On 24/06/2018 15:46, Chris Angelico wrote:
On Sun, Jun 24, 2018 at 8:40 PM, Steven D'Aprano
<steve+comp.lang.pyt...@pearwood.info> wrote:
On Sun, 24 Jun 2018 11:18:37 +0100, Bart wrote:
I wonder why it is just me that constantly needs to justify his
existence in this group?
Because its just you who spends 90% of his time here complaining about
how Python does it wrong.
... and spends 95% of that time demonstrating his utter lack of
understanding of how Python does it at all. It's wrong even though you
don't understand how it actually works.
More like utter disbelief at how it works. Surely it cannot work like
that because it would be too inefficient? Apparently, yes it can...
And all to support extreme dynamism which is only really needed a tiny
proportion of the time (feel free to correct me).
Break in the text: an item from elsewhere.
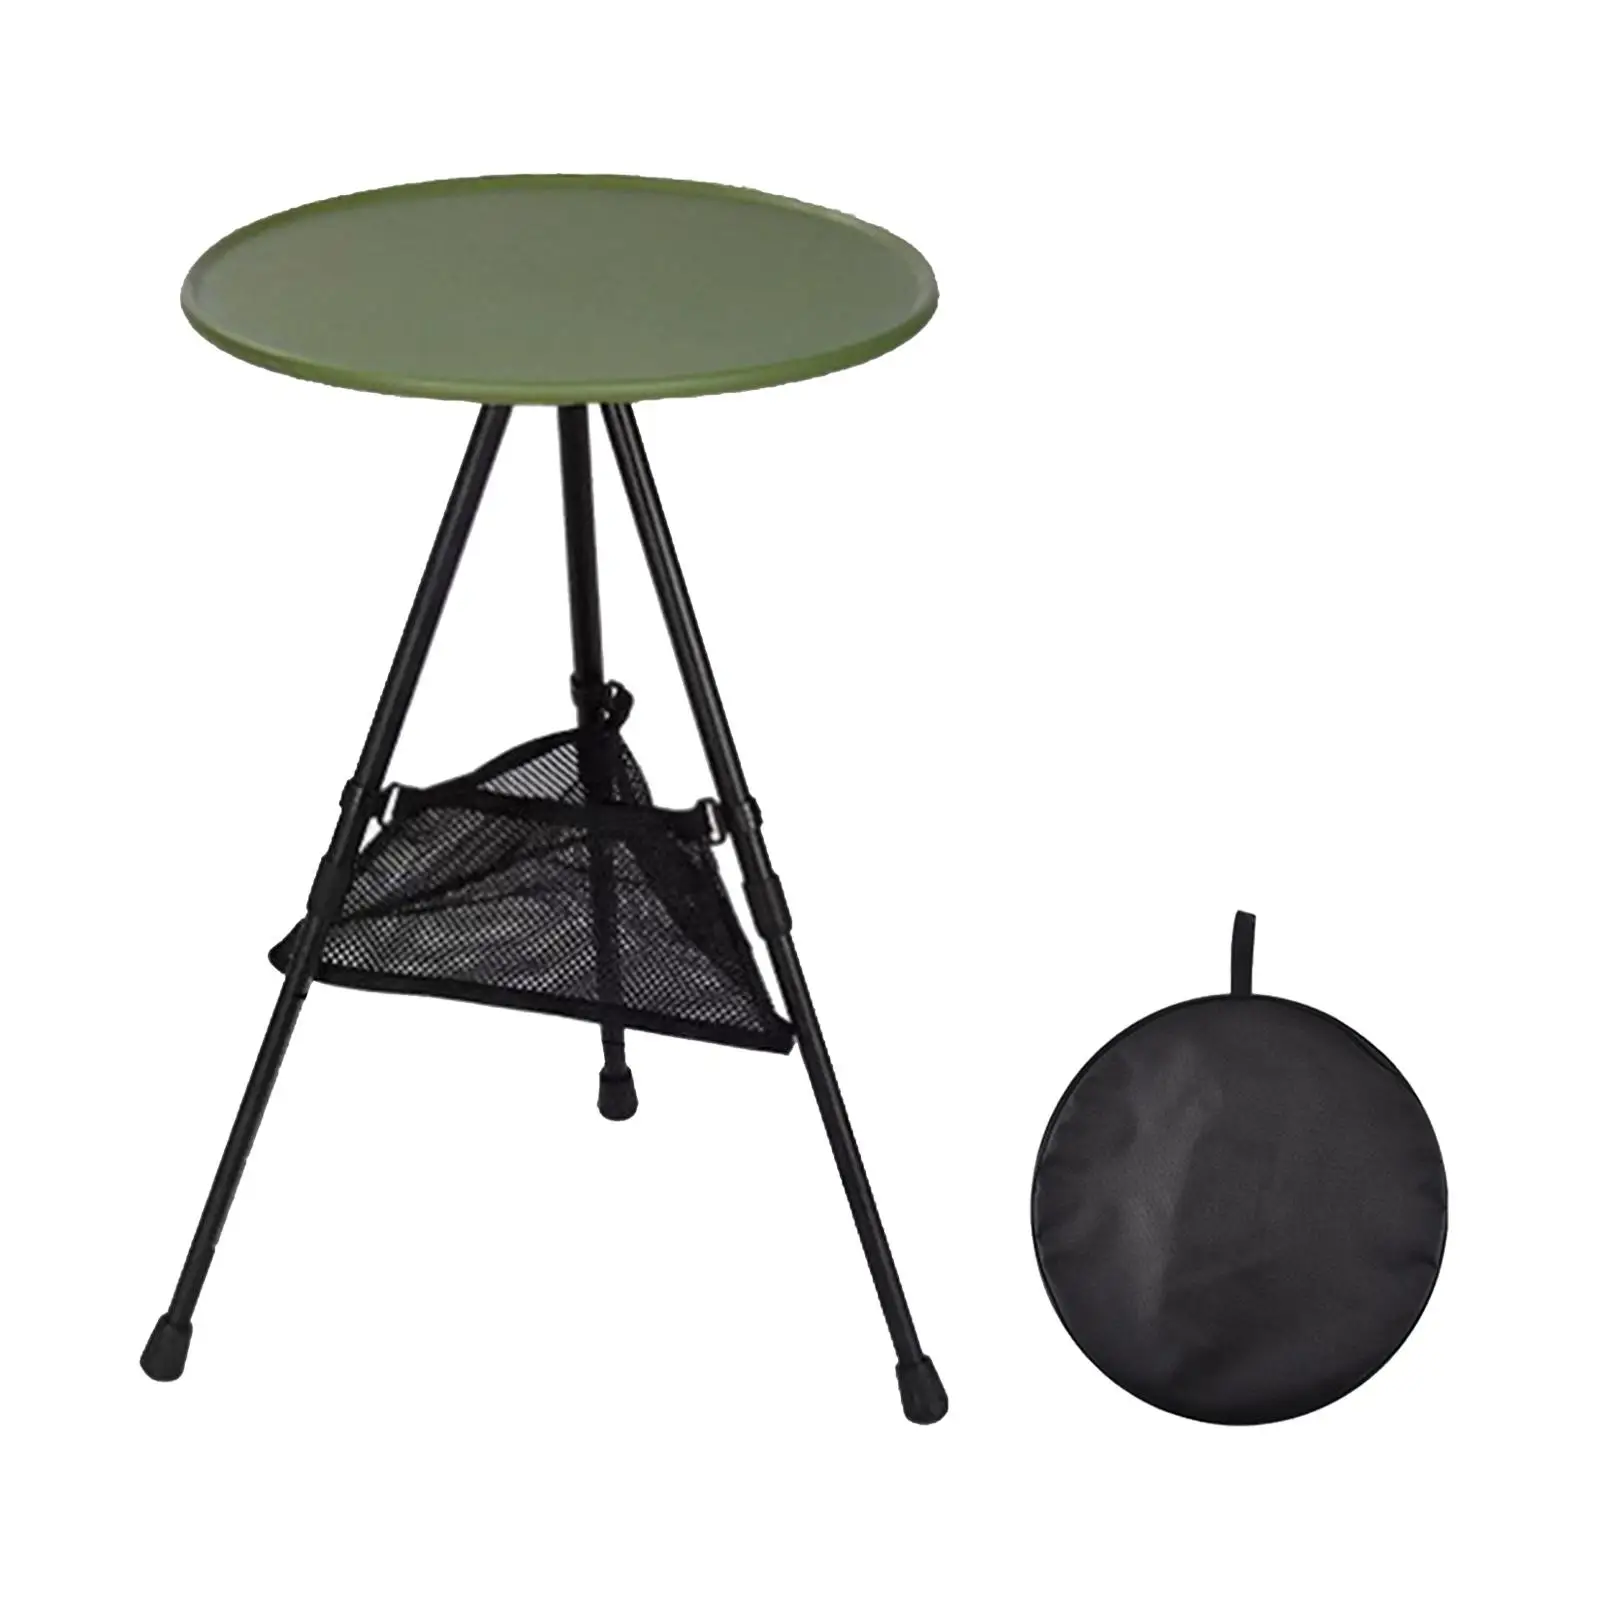 Outdoor Round Table Coffee Tea Table Portable Folding Camping Table Dining Table Mini Foldable Picnic Table for Beach Party Deck

I know I'm going to get flak for bringing this up this old issue, but
remember when you used to write a for-loop and it involved creating an
actual list of N integers from 0 to N-1 in order to iterate through
them? Crazy.
But that has long been fixed - or so I thought. When I wrote, today:
for i in range(100000000): pass # 100 million
on Python 2, it used up 1.8GB, up to the limit of my RAM, and it took
several minutes to regain control of my machine (and it never did
finish). You don't expect that in 2018 when executing a simple empty loop.
On Py 2 you have to use xrange for large ranges - that was the fix.
Somebody however must have had to gently and tactfully point out the
issue. I'm afraid I'm not very tactful.